*RECORDS SUPPLIED:*
++++++++++++++++++++
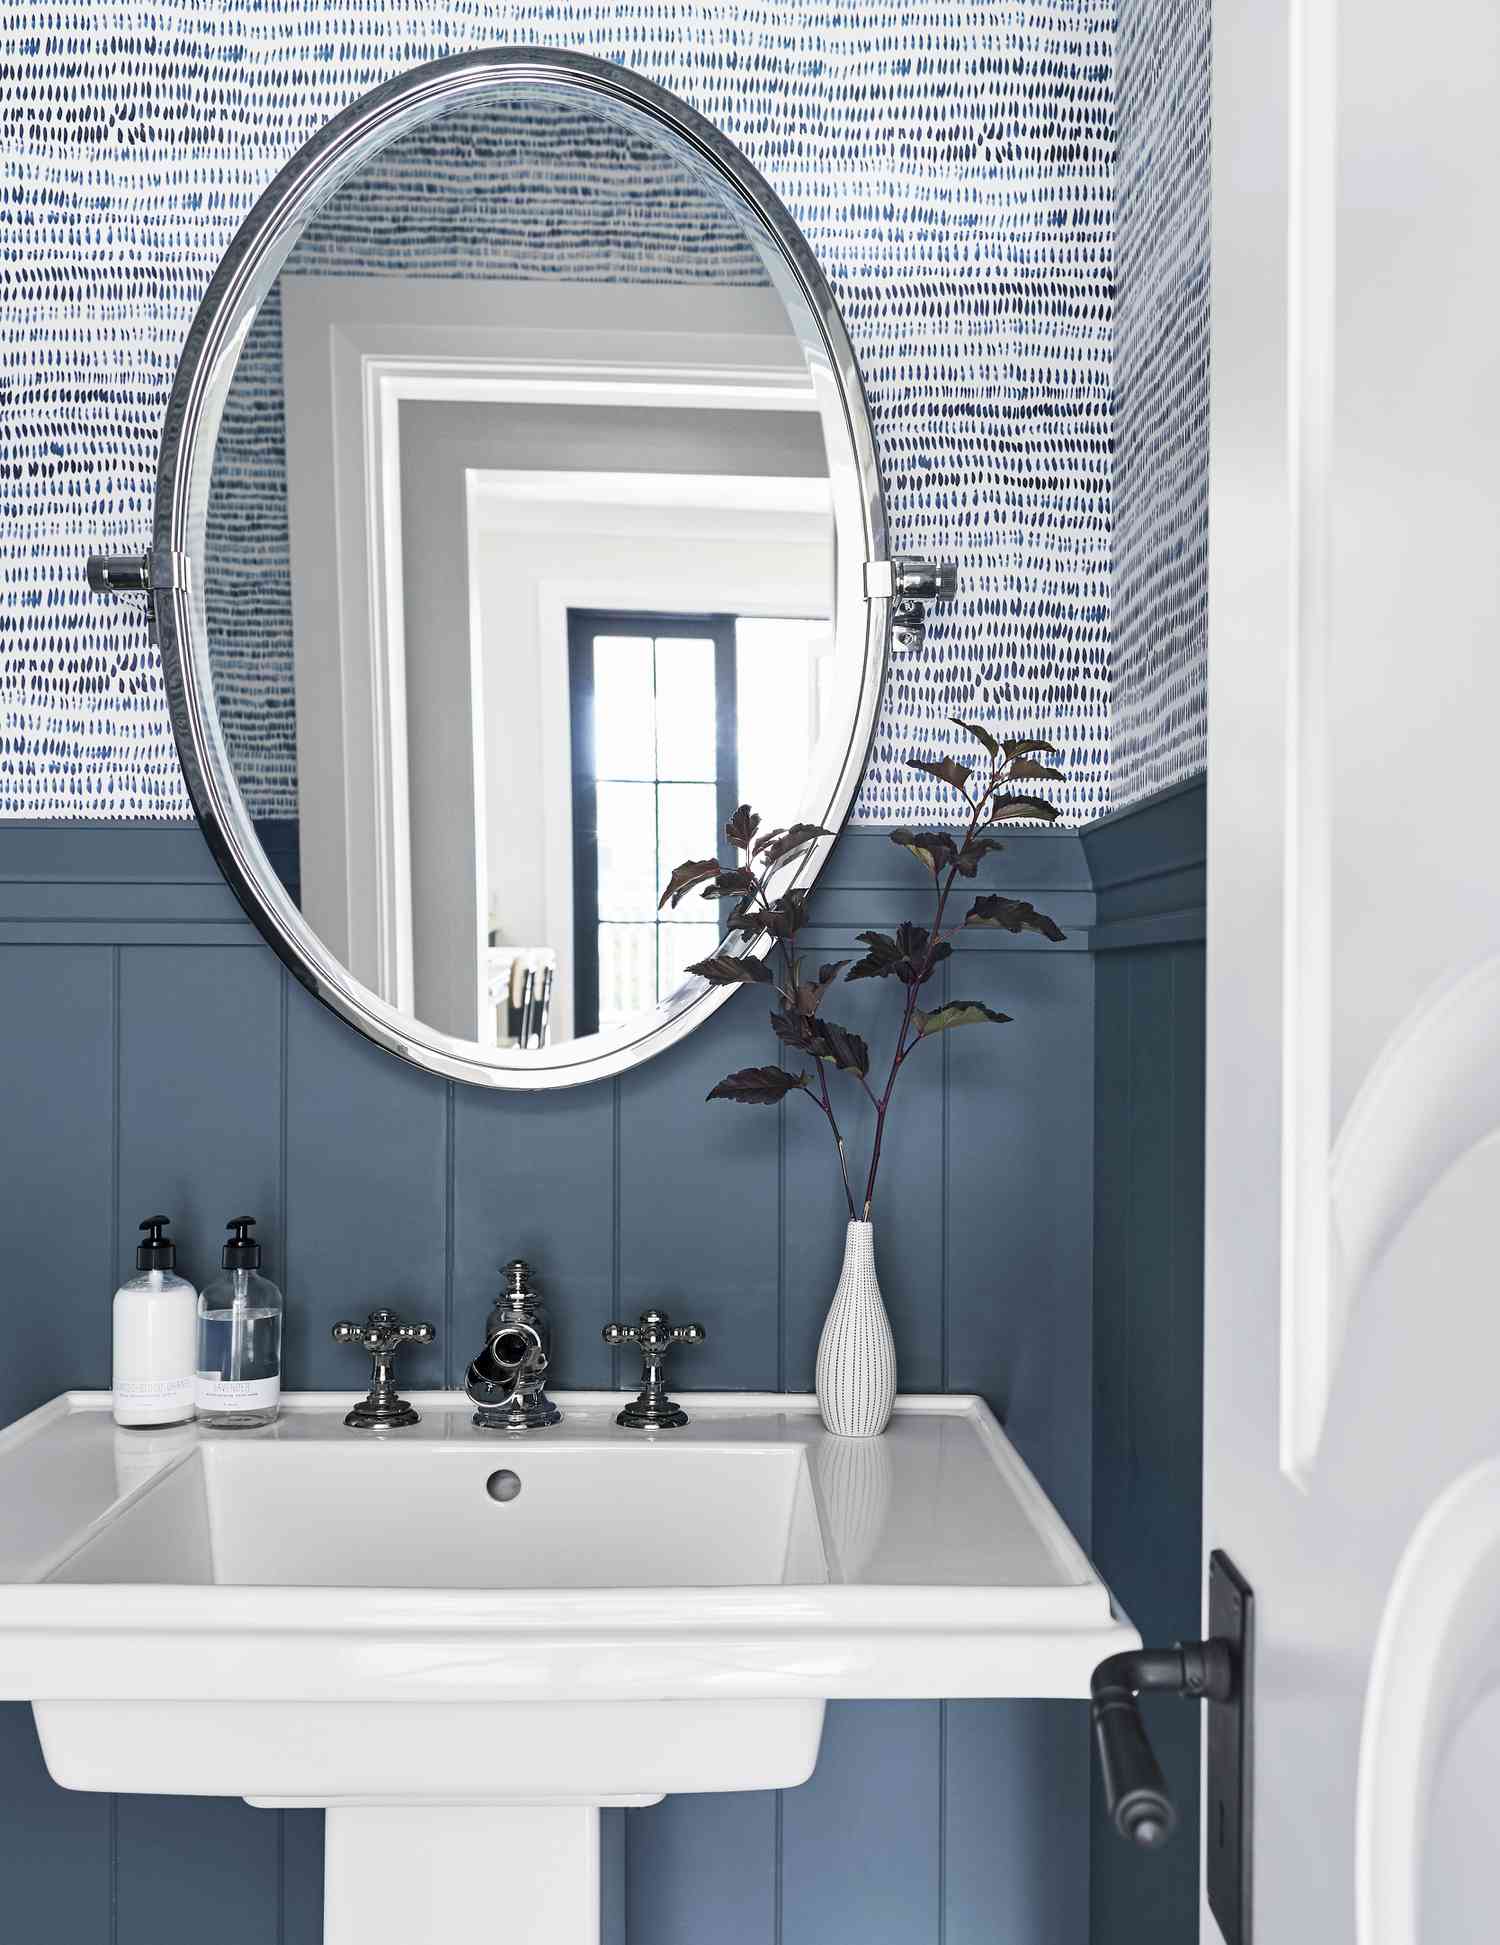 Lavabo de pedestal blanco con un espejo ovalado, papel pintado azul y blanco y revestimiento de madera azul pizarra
++++++++++++++++++++
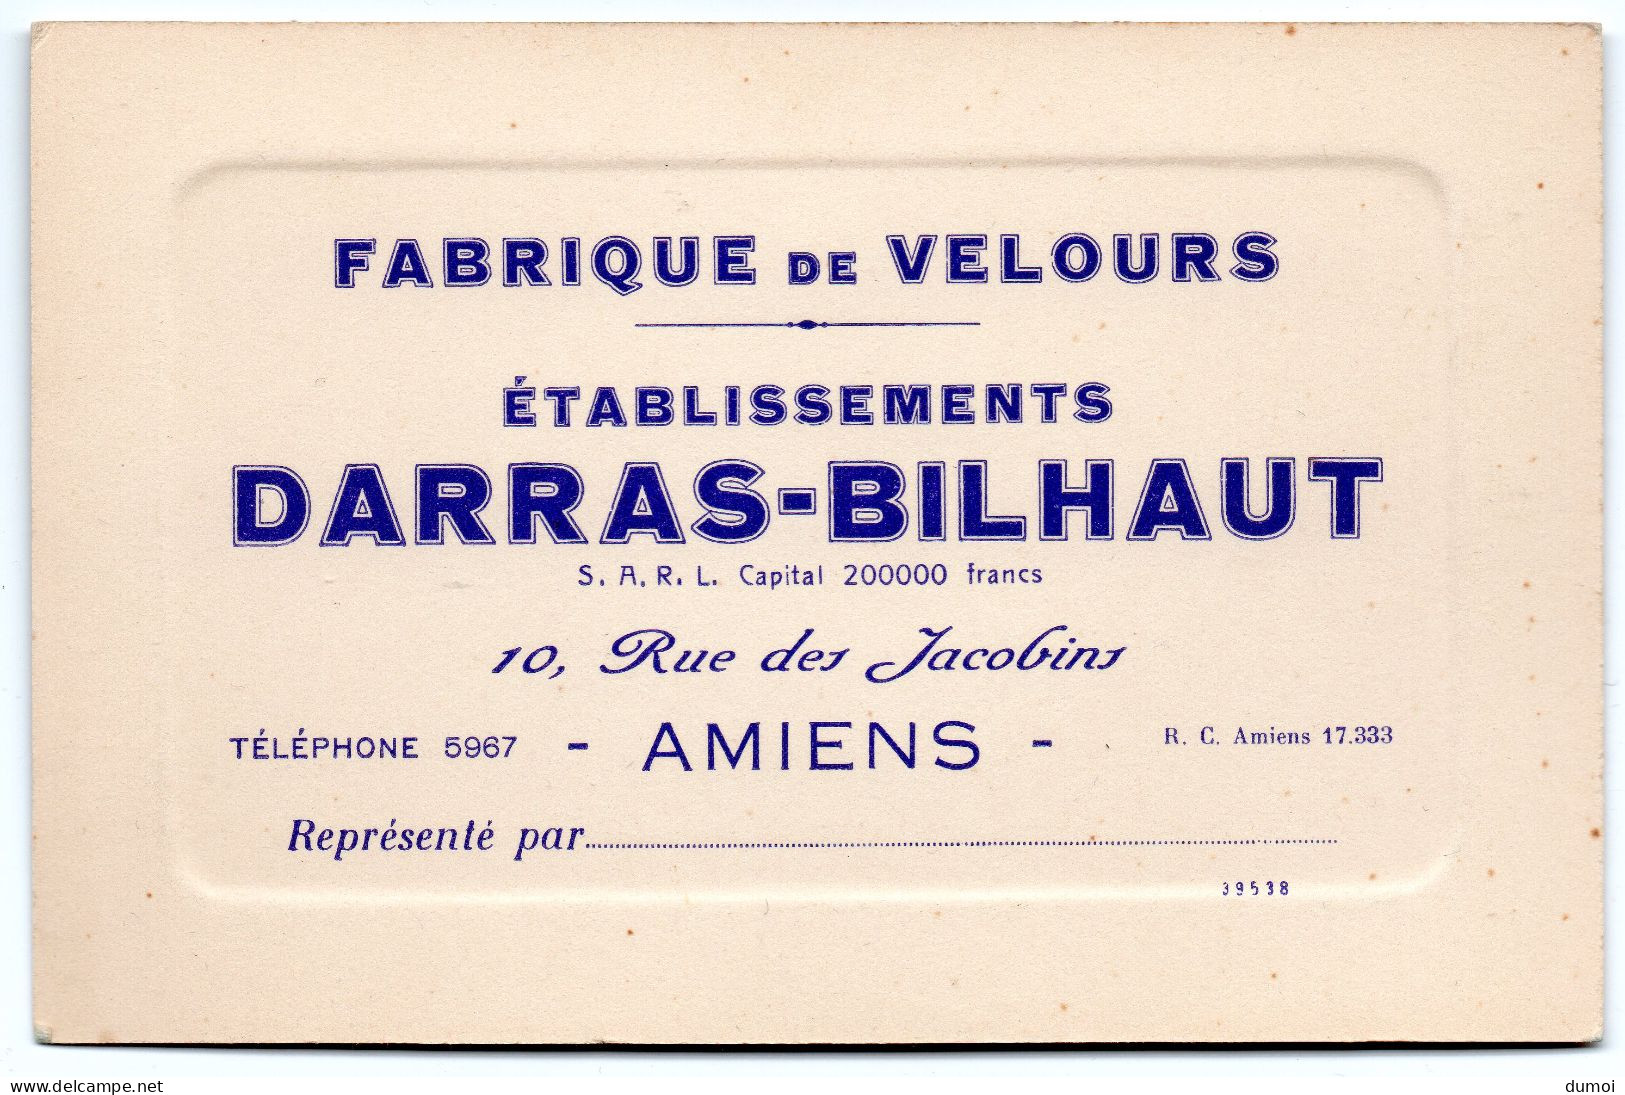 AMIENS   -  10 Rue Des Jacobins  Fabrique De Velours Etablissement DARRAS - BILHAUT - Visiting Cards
++++++++++++++++++++
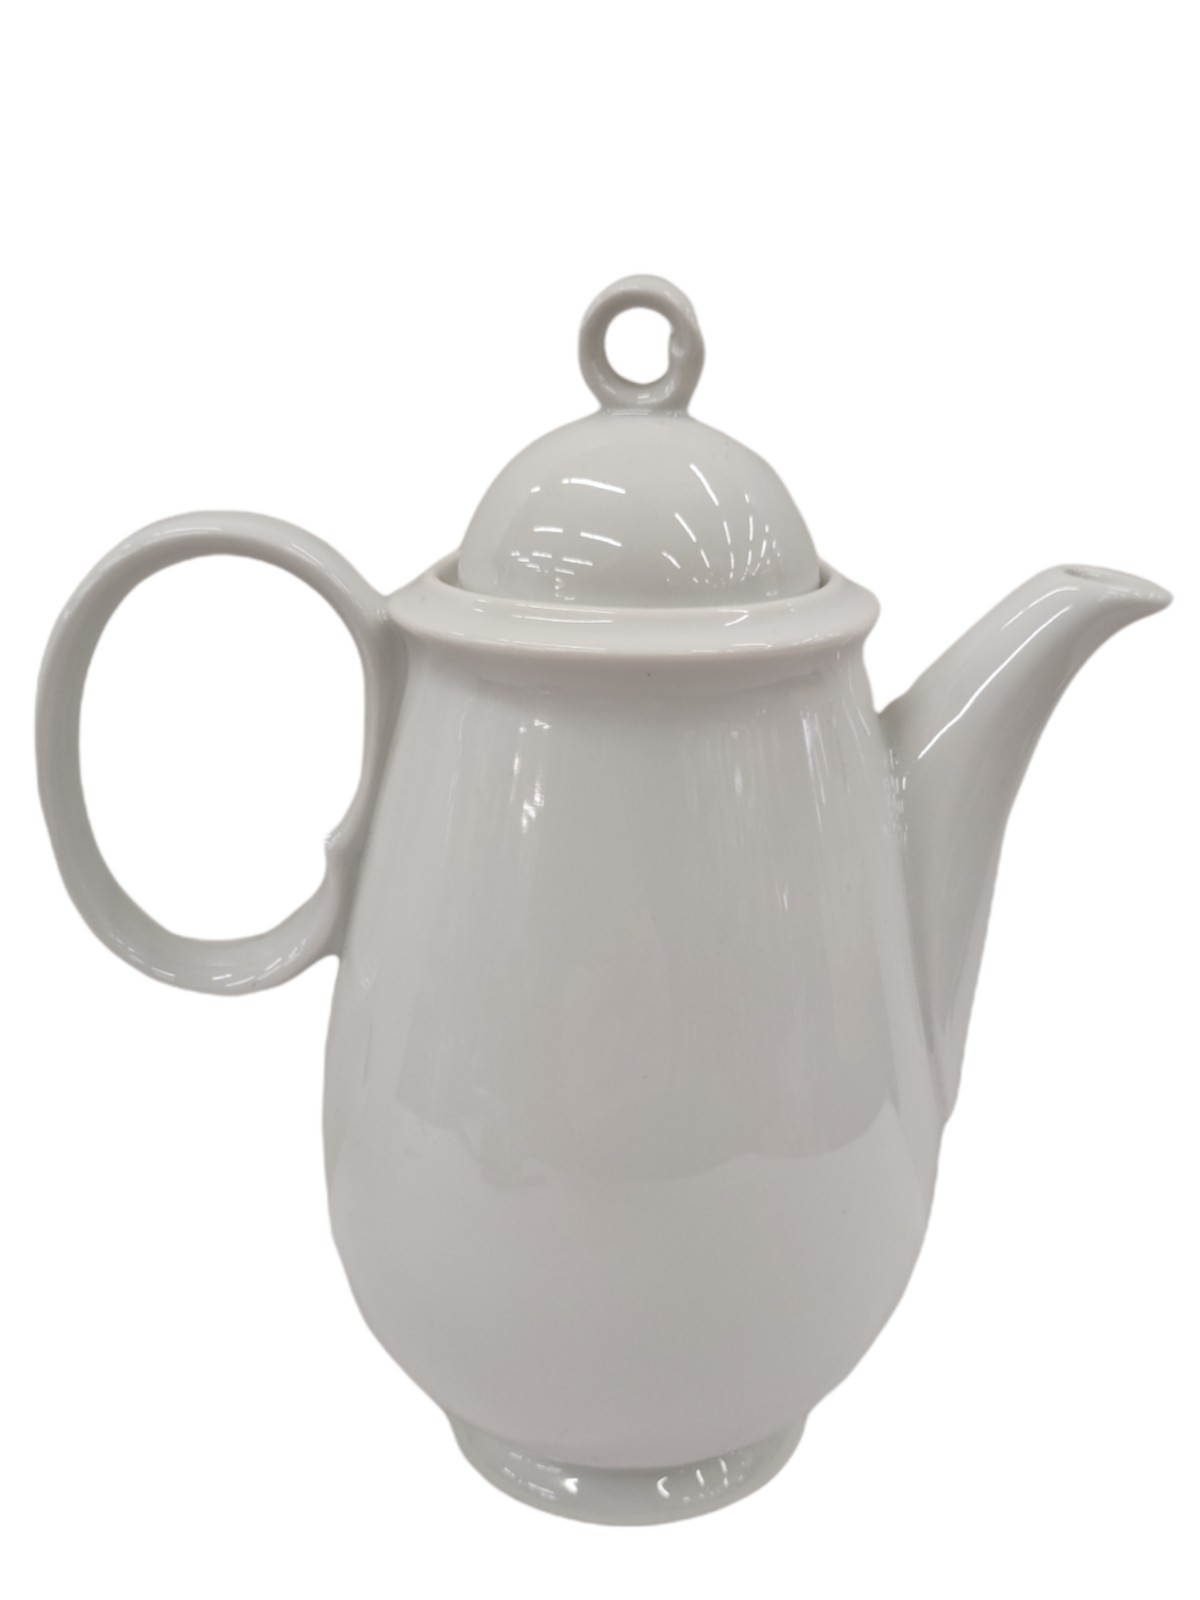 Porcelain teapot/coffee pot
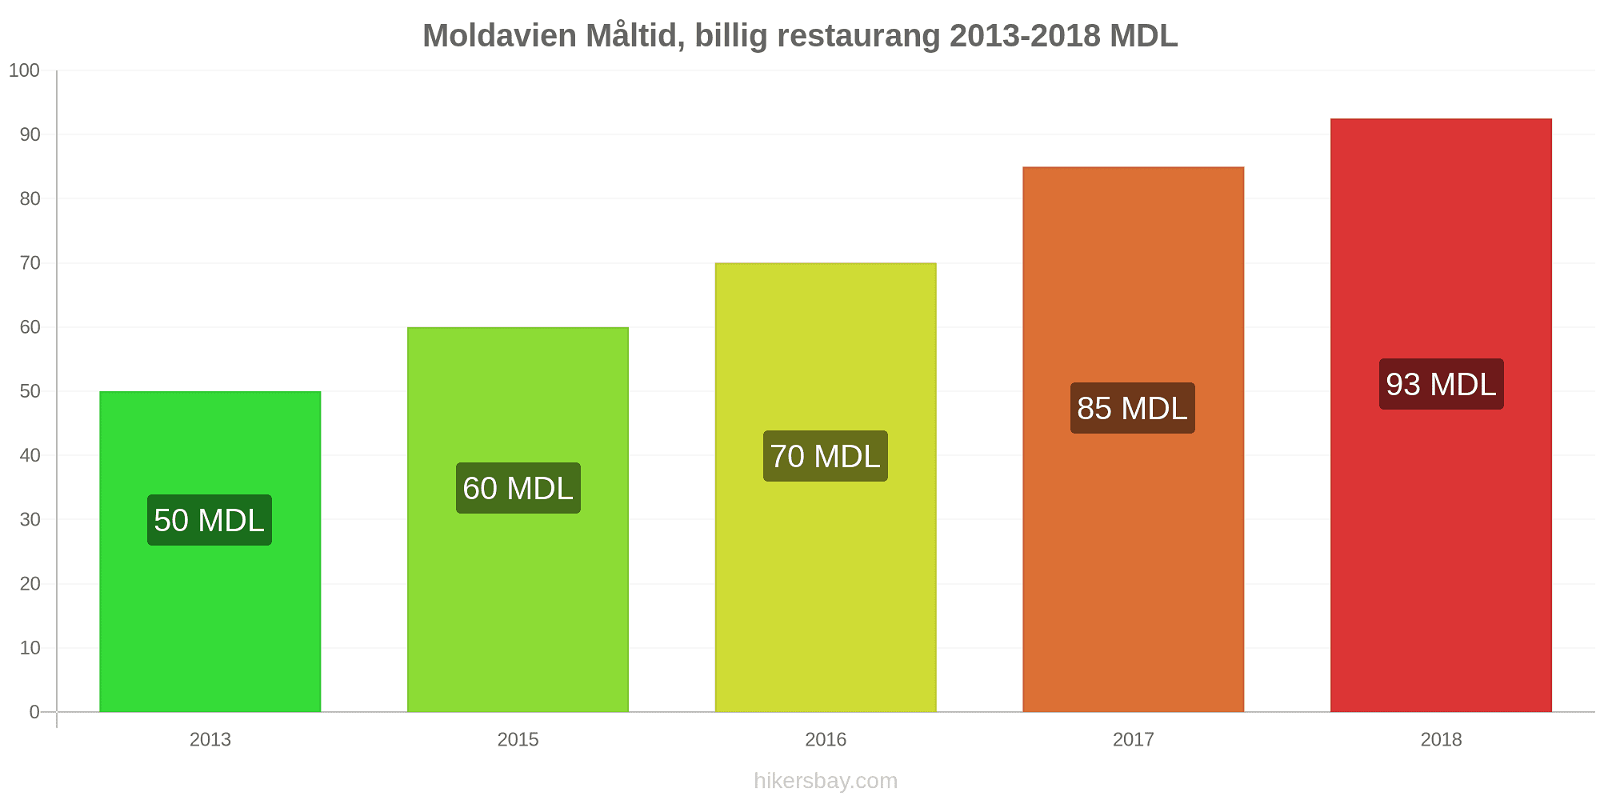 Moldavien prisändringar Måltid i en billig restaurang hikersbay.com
++++++++++++++++++++
*INSTRUCTIONS TO FOLLOW:*
The expected output is the lines above from the one containing "Porcelain teapot/coffee pot" to the one containing "Moldavien prisändringar Måltid", both ends included, reproduced exactly with every picture left out.

*RESPONSE AREA:*
 Porcelain teapot/coffee pot
 Moldavien prisändringar Måltid i en billig restaurang hikersbay.com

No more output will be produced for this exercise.